The free propagator G(x-y) which I think goes like 1/|x-y|^2 is singular for short distances (when x=y). In momentum space G(x)= ∫d^4k exp[ikx] /(k^2+m^2). If x=0, then clearly ∫d^4k exp[0] /(k^2+m^2) diverges for large momenta k. However, if x is not equal to zero, then the expression is perfectly finite even when k is allowed to be really large in the integral. So it seems distance is even more important than momenta in determining the divergence of the free propagator.

Also, for a phi^4 theory it's true that the self-energy at one loop is G(z-z)=G(0) where z is the vertex coordinate that is integrated over. This leads to infinity. So you can say short distances leads to infinities.

However, for phi^3 theory, it is this term which leads to infinities: G(y-z)G(y-z) where y and z are the vertex coordinates that are integrated over. You have an infinity here that's caused by repetition of the Green's functions rather than y=z.

So for the phi^3 case, the infinities aren't caused by short distances between the vertices.

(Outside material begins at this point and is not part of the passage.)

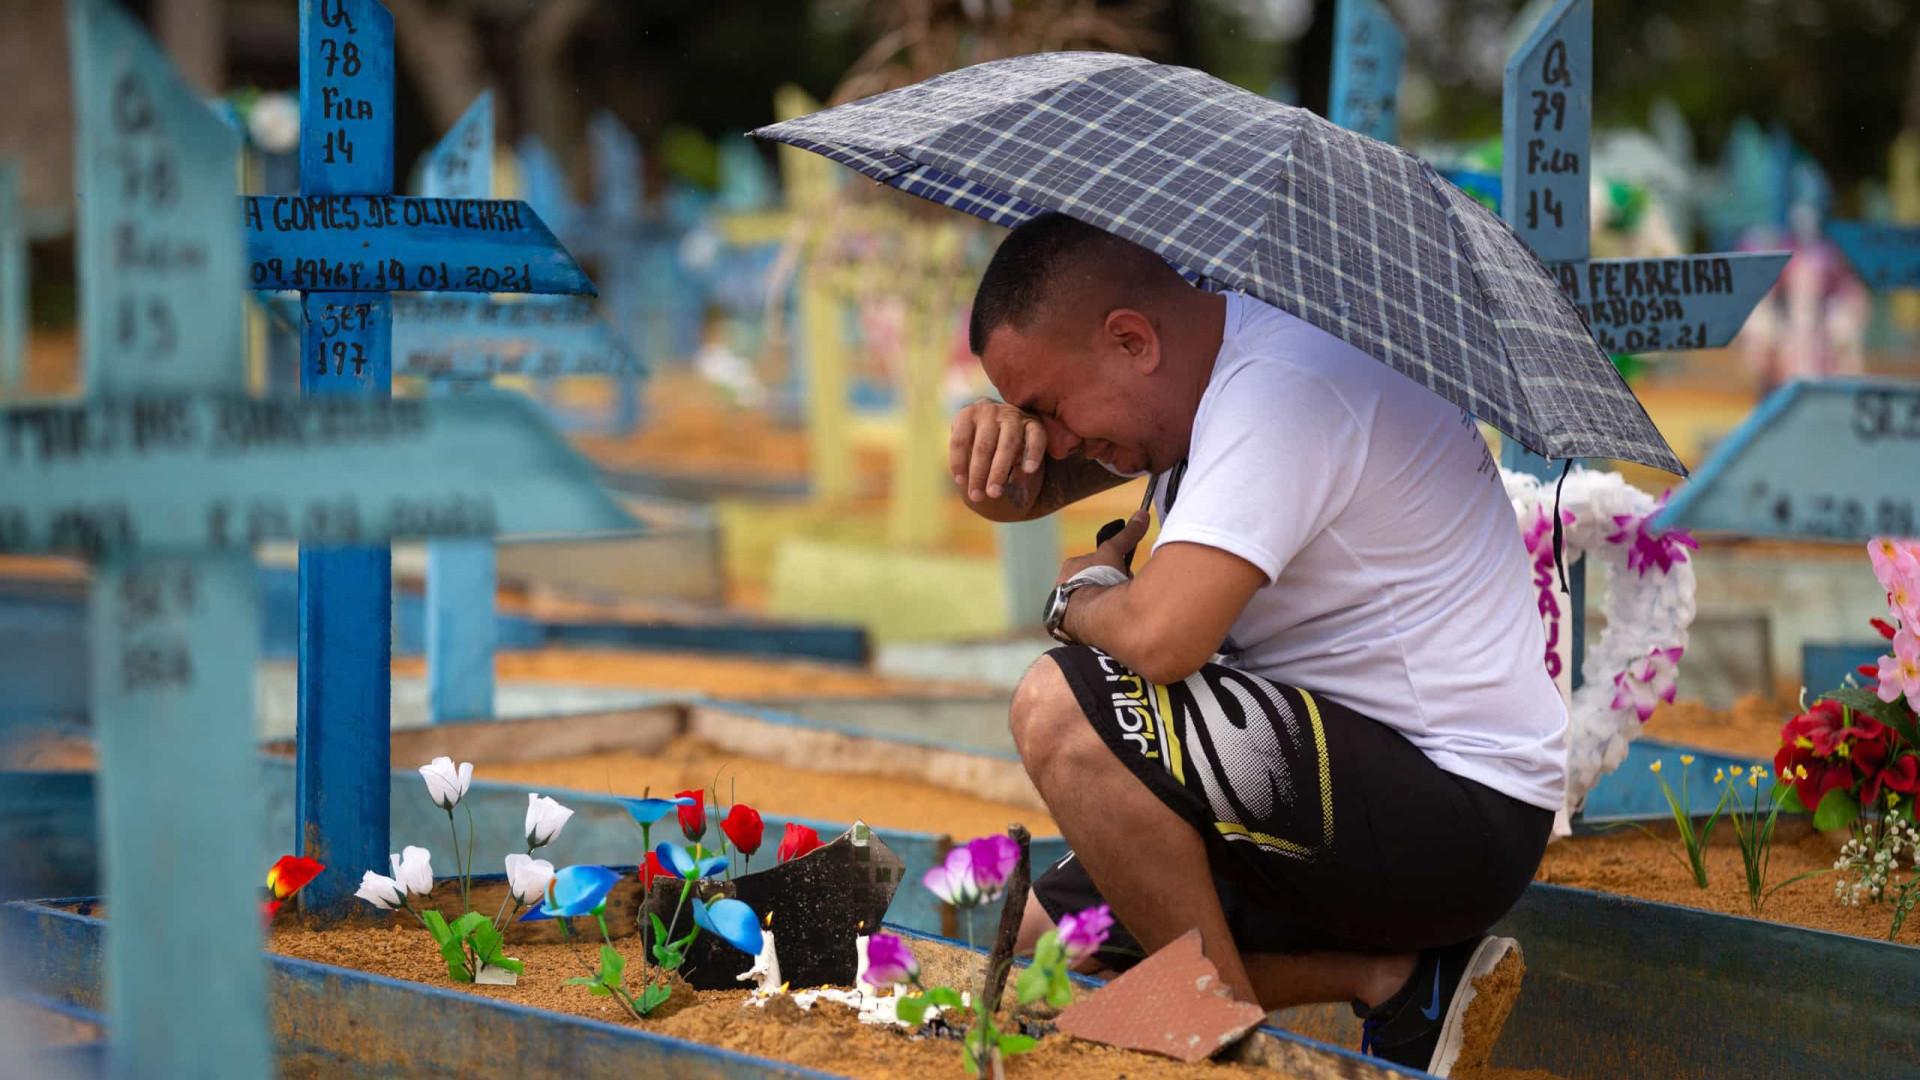 Brasil registra 2.997 mortes e 95.367 novos casos de covid-19 em 24h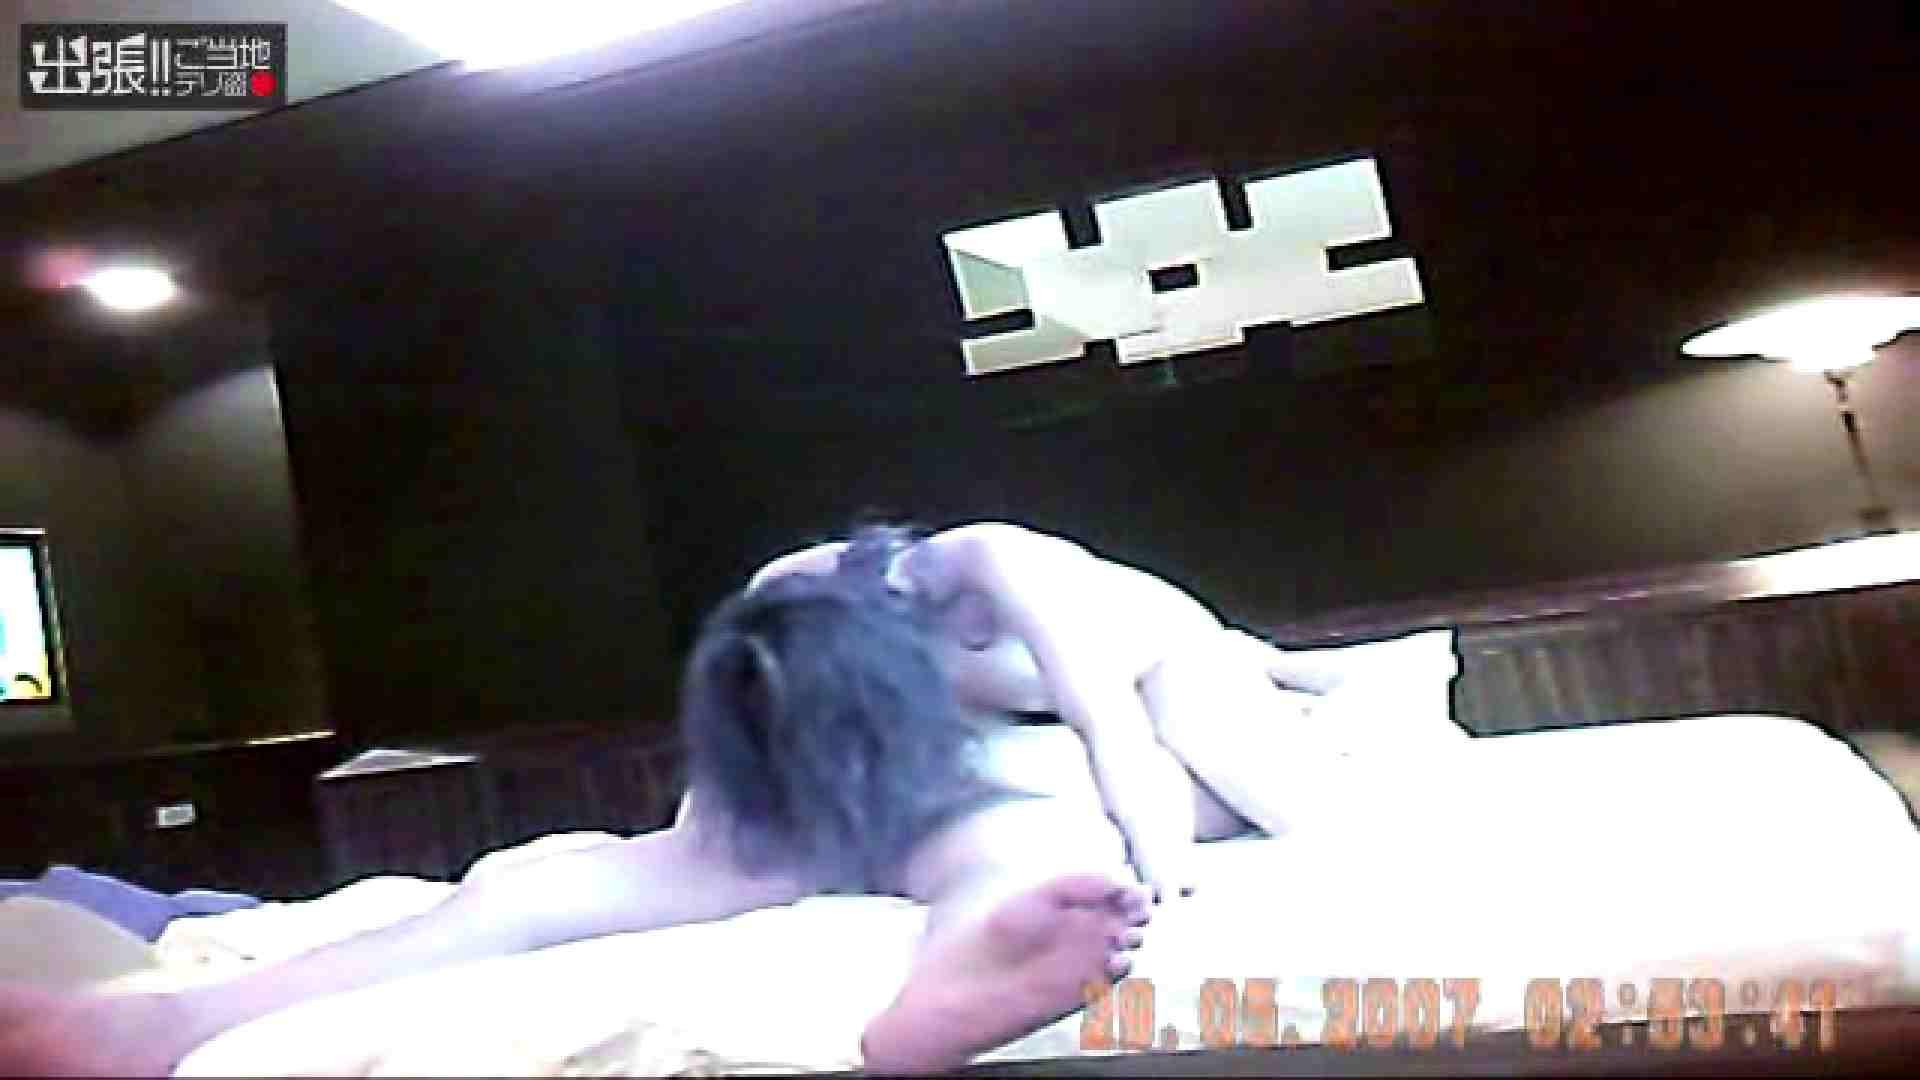 出張リーマンのデリ嬢隠し撮り第3弾vol.6 セックス おめこ無修正動画無料 65連発 53

So are infinities really explained by short distances?

 

[andrien]

high energy and short distance behaviour are same in meaning,not infinity.you can find theories which will behave badly in high energy limit.there will be infinities associated with it.they are said to be divergent at high energy or short distance.If a theory is renormalizable i.e. have coupling strength dimension as positive powers of mass(or zero) then they may not diverge badly at high energy behaviour or short distances.

 

[king vitamin]

Infinities in QFT come from high momenta. I sometimes hear that is equivalent to coming from short distances, but I'm not sure I see the connection.

The free propagator G(x-y) which I think goes like 1/|x-y|^2 is singular for short distances (when x=y). In momentum space G(x)= ∫d^4k exp[ikx] /(k^2+m^2). If x=0, then clearly ∫d^4k exp[0] /(k^2+m^2) diverges for large momenta k. However, if x is not equal to zero, then the expression is perfectly finite even when k is allowed to be really large in the integral. So it seems distance is even more important than momenta in determining the divergence of the free propagator.

Your argument for the Green's function being finite for infinite momenta is still being formulated in position space though. Since 1/|x-y|^2 ~ ∫d^4k exp[ik(x-y)] /(k^2+m^2), your statement that both functions diverge when x=y are the same.

When one refers to loop corrections being infinite in a QFT before renormalization, one can do so either purely in position space or momentum space. Consider the one-loop self-energy correction in phi^3 theory. Using position-space Feynman rules, we have ∫d^4xd^4y G(x-y)G(x-y) being infinite in the region where x=y. Using momentum-space Feynman rules, we get ∫d^4k G(k)G(p+k) being infinite where k goes to infinity. These are the two equivalent statements that field theories give infinities for short distance/large momenta.